Орудуй, орудуй нами, Богдан! – завопили все.

– Сегодня, братья мои любые, думаю в Сечь, – просветлел и ободрился Богдан, – а завтра и в Крым; там оборудую всем я справу, а тогда с богом…

– Слава! Слава Богдану! – замахали шапками козаки.

– А мы тем временем запасемся оружием и припасами, – заметил отрезвившийся сразу Сулима.

– Вот вам ключи! – выступила вперед вдруг Настя, разгоревшаяся, что мак, с сверкающими агатом глазами. – За веру, за волю все нажитое добро отдаю… Берите его, славное лыцарство, на поживок!
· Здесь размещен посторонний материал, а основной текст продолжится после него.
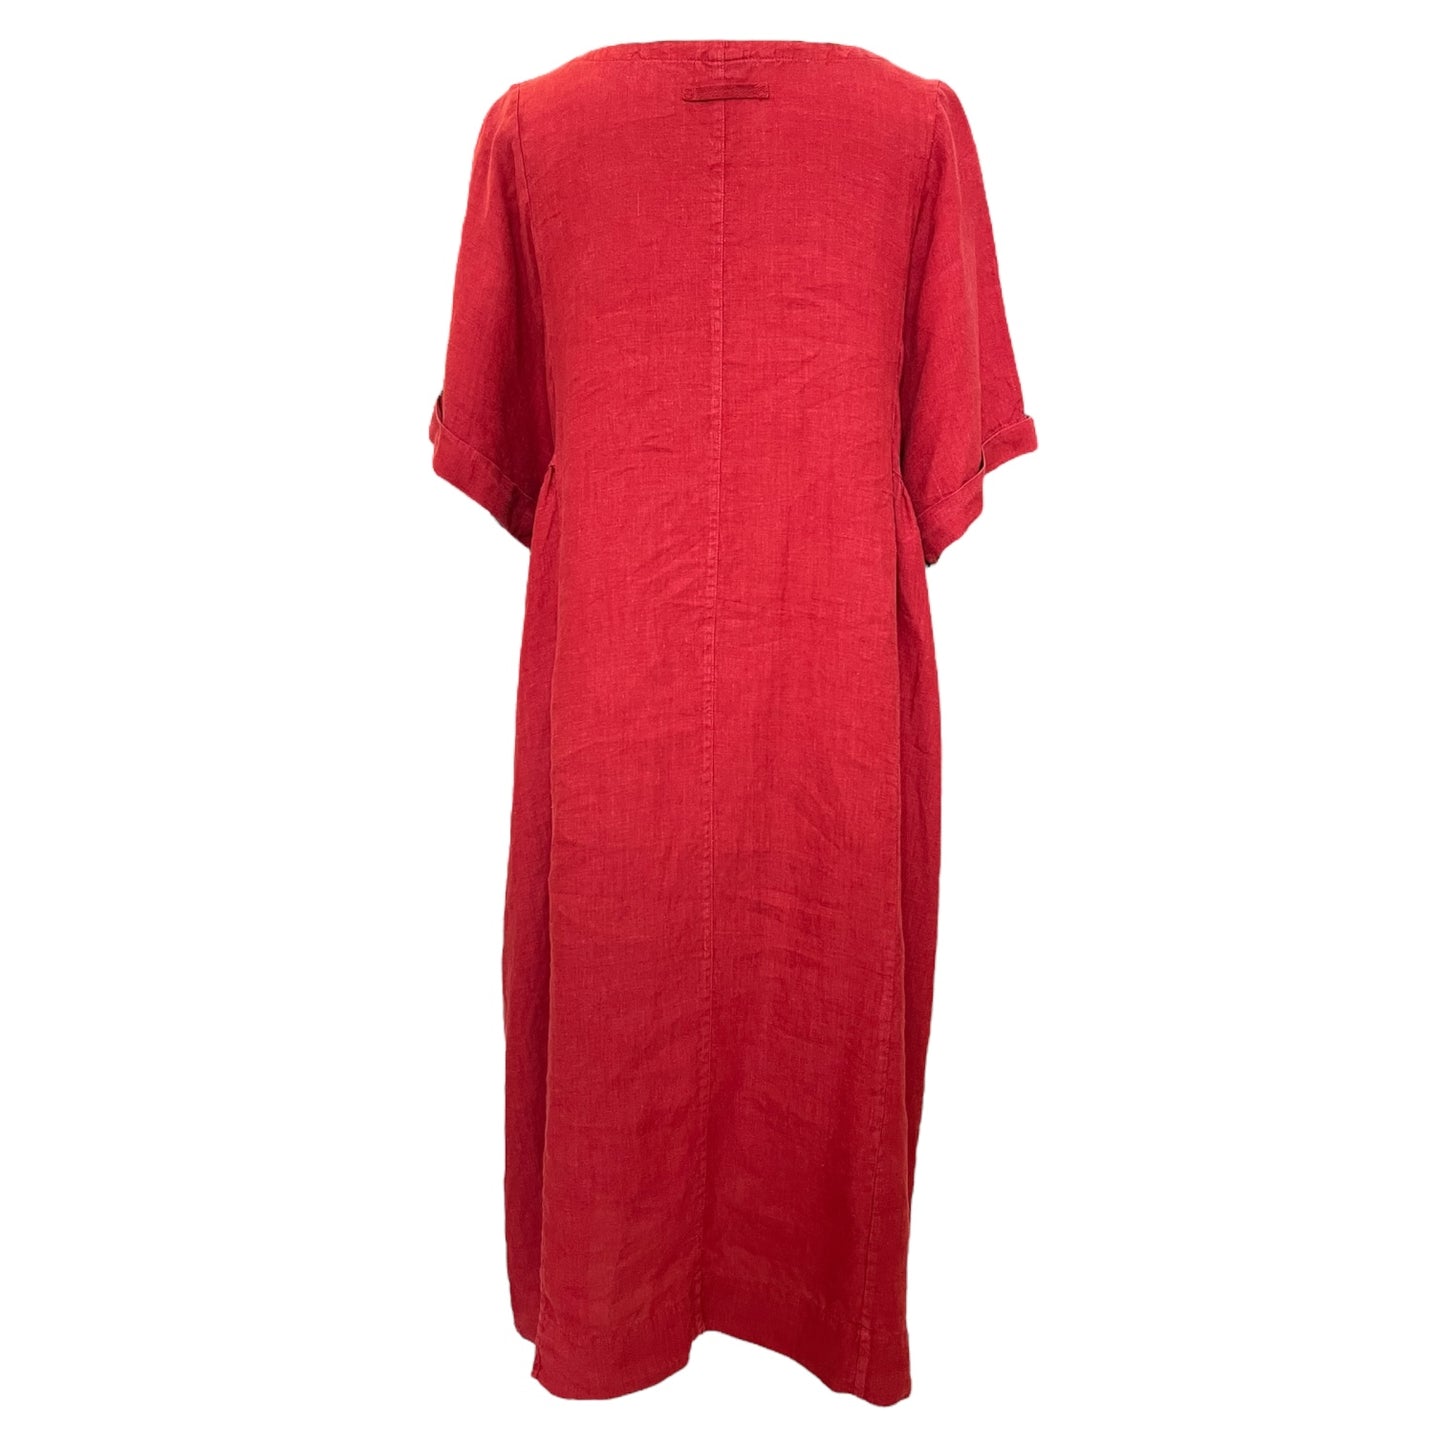 Toast Rust Red Linen Dress - 12/14

– Вот так Настя! Сестра козачья! Орлица! – загалдели кругом восторженные голоса, а Сулима с Чарнотой бросились ее обнимать.

– Мы тоже все, что есть у нас, отдаем на святое дело, – начали сбрасывать с себя и серьги, и кораллы дивчата.

– Ну, и шути с дивчатами! – загорелся Богун. – Да коли у нас такие завзятые сестры, так я готов и с голыми кулаками ударить на врага, ей–богу! Только скорей бы: чешутся руки!

– Орел! – обнял его растроганный Кривонос. – Вот и я таки дожил до пиру, – уж и напьюсь, уж и погуляю, и посчитаюсь кое с кем!

Начали обниматься козаки и с запорожцами, и с голотой, но это уже были не пьяные, дешевые объятия, а это было братанье на жизнь и на смерть, это было забвение и прощение всех взаимных обид и слитие душ во единый великий дух, окрылявшийся на спасение родины, на защиту веры, на бессмертную славу.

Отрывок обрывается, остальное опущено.